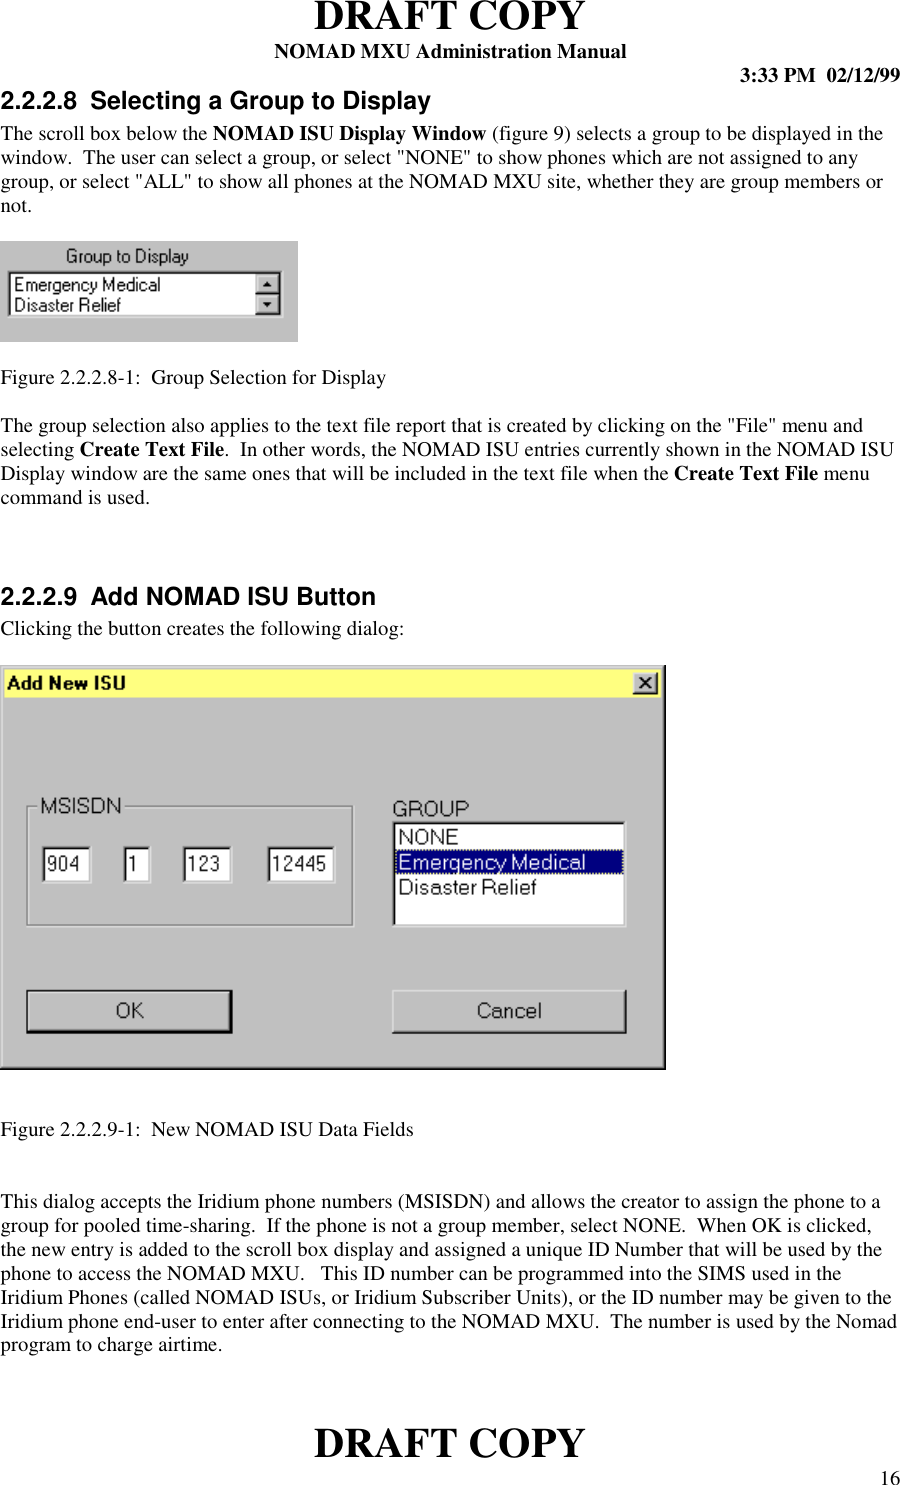 DRAFT COPYNOMAD MXU Administration Manual 3:33 PM  02/12/99DRAFT COPY 162.2.2.8  Selecting a Group to DisplayThe scroll box below the NOMAD ISU Display Window (figure 9) selects a group to be displayed in thewindow.  The user can select a group, or select &quot;NONE&quot; to show phones which are not assigned to anygroup, or select &quot;ALL&quot; to show all phones at the NOMAD MXU site, whether they are group members ornot.Figure 2.2.2.8-1:  Group Selection for DisplayThe group selection also applies to the text file report that is created by clicking on the &quot;File&quot; menu andselecting Create Text File.  In other words, the NOMAD ISU entries currently shown in the NOMAD ISUDisplay window are the same ones that will be included in the text file when the Create Text File menucommand is used.2.2.2.9  Add NOMAD ISU ButtonClicking the button creates the following dialog:Figure 2.2.2.9-1:  New NOMAD ISU Data FieldsThis dialog accepts the Iridium phone numbers (MSISDN) and allows the creator to assign the phone to agroup for pooled time-sharing.  If the phone is not a group member, select NONE.  When OK is clicked,the new entry is added to the scroll box display and assigned a unique ID Number that will be used by thephone to access the NOMAD MXU.   This ID number can be programmed into the SIMS used in theIridium Phones (called NOMAD ISUs, or Iridium Subscriber Units), or the ID number may be given to theIridium phone end-user to enter after connecting to the NOMAD MXU.  The number is used by the Nomadprogram to charge airtime.
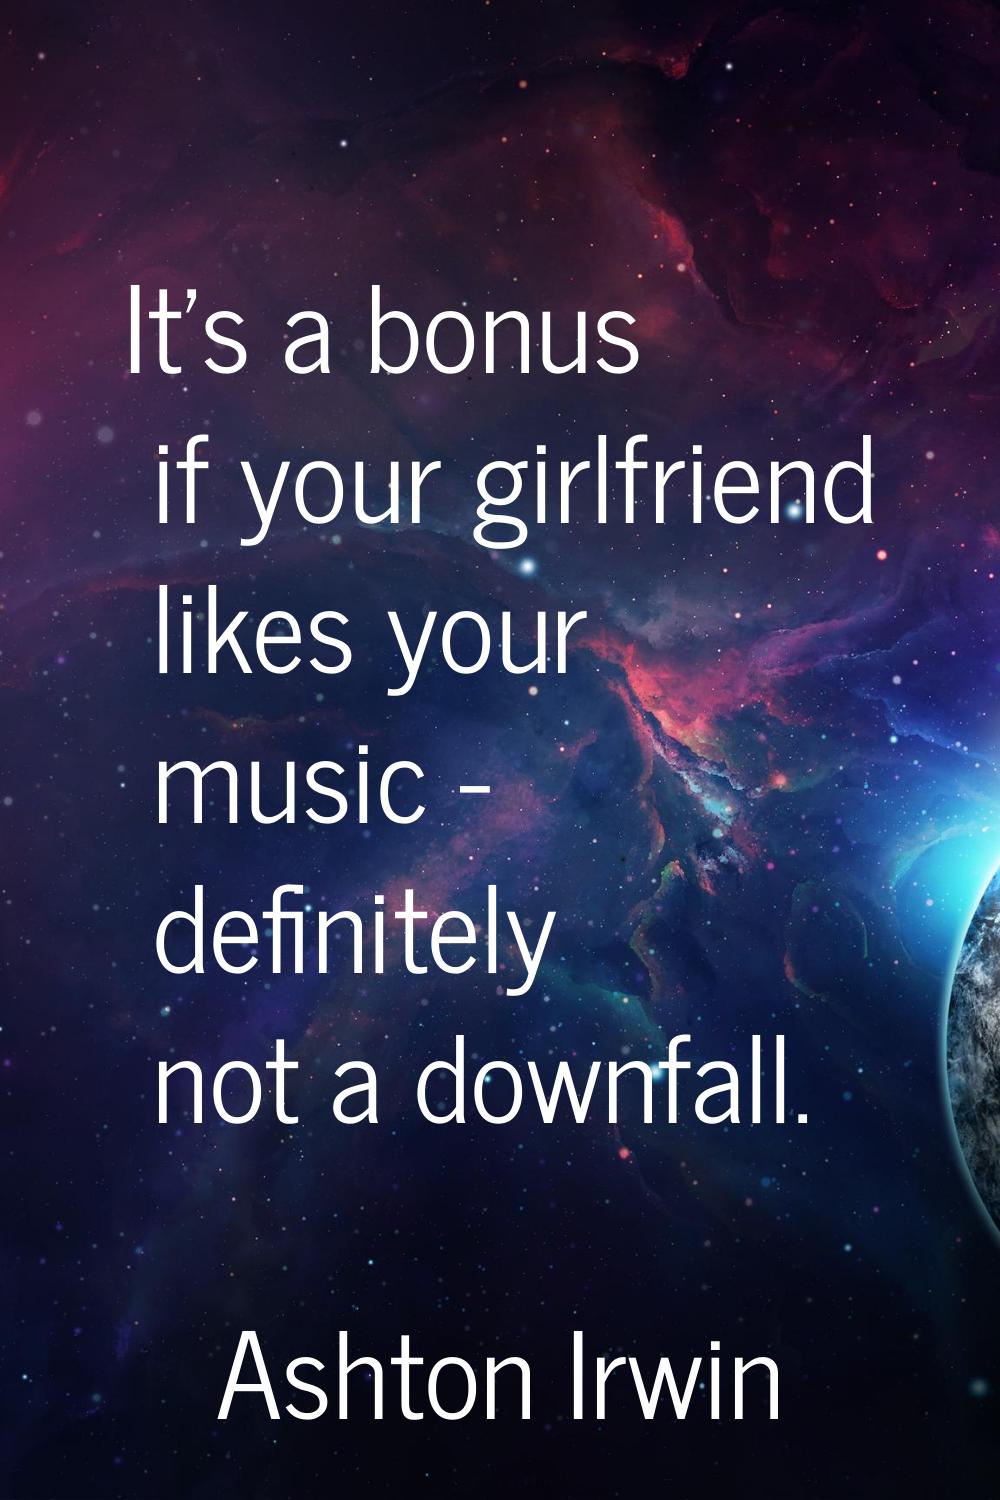 It's a bonus if your girlfriend likes your music - definitely not a downfall.
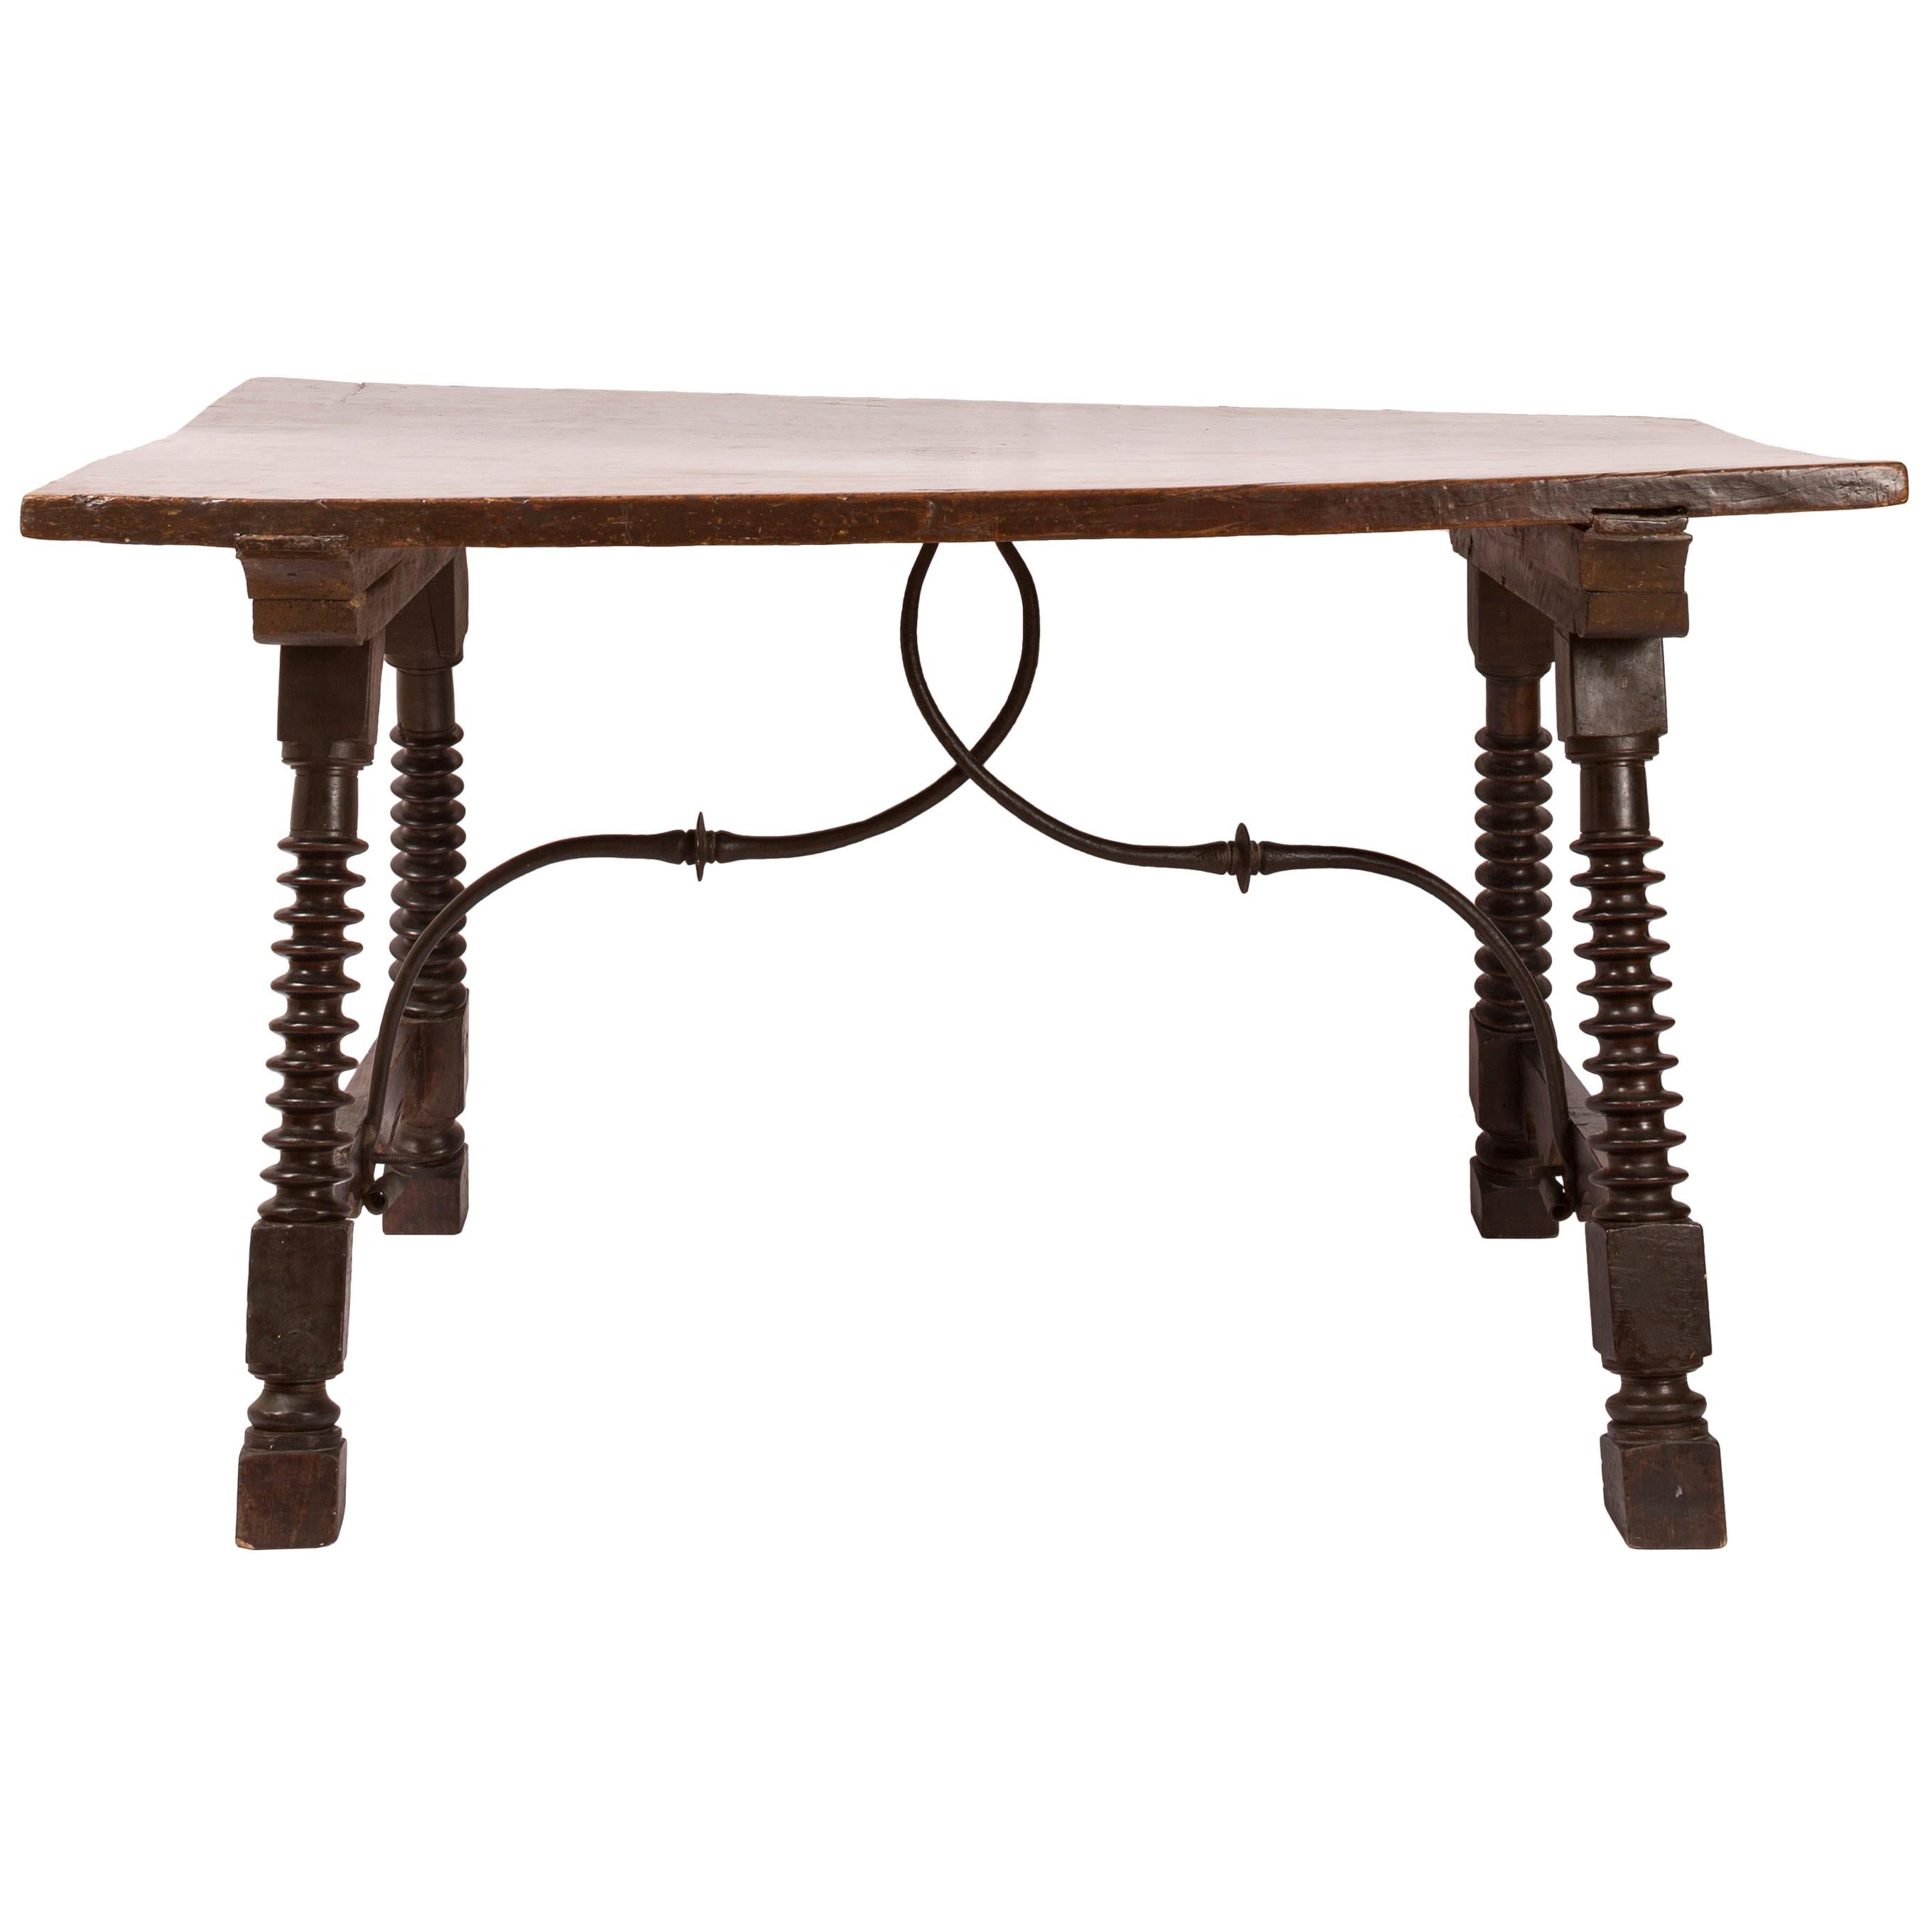 18th C. Spanish Trestle Style Writing Table, Spool Turned Legs and Wrought Iron

:::::

> **ACTION ITEM**: Here the job is to print the data above exactly, except for any pictures.

> **TASK RESPONSE**:
 DRAFT COPYNOMAD MXU Administration Manual 3:33 PM  02/12/99DRAFT COPY 162.2.2.8  Selecting a Group to DisplayThe scroll box below the NOMAD ISU Display Window (figure 9) selects a group to be displayed in thewindow.  The user can select a group, or select &quot;NONE&quot; to show phones which are not assigned to anygroup, or select &quot;ALL&quot; to show all phones at the NOMAD MXU site, whether they are group members ornot.Figure 2.2.2.8-1:  Group Selection for DisplayThe group selection also applies to the text file report that is created by clicking on the &quot;File&quot; menu andselecting Create Text File.  In other words, the NOMAD ISU entries currently shown in the NOMAD ISUDisplay window are the same ones that will be included in the text file when the Create Text File menucommand is used.2.2.2.9  Add NOMAD ISU ButtonClicking the button creates the following dialog:Figure 2.2.2.9-1:  New NOMAD ISU Data FieldsThis dialog accepts the Iridium phone numbers (MSISDN) and allows the creator to assign the phone to agroup for pooled time-sharing.  If the phone is not a group member, select NONE.  When OK is clicked,the new entry is added to the scroll box display and assigned a unique ID Number that will be used by thephone to access the NOMAD MXU.   This ID number can be programmed into the SIMS used in theIridium Phones (called NOMAD ISUs, or Iridium Subscriber Units), or the ID number may be given to theIridium phone end-user to enter after connecting to the NOMAD MXU.  The number is used by the Nomadprogram to charge airtime.
 It's a bonus if your girlfriend likes your music - definitely not a downfall.
 18th C. Spanish Trestle Style Writing Table, Spool Turned Legs and Wrought Iron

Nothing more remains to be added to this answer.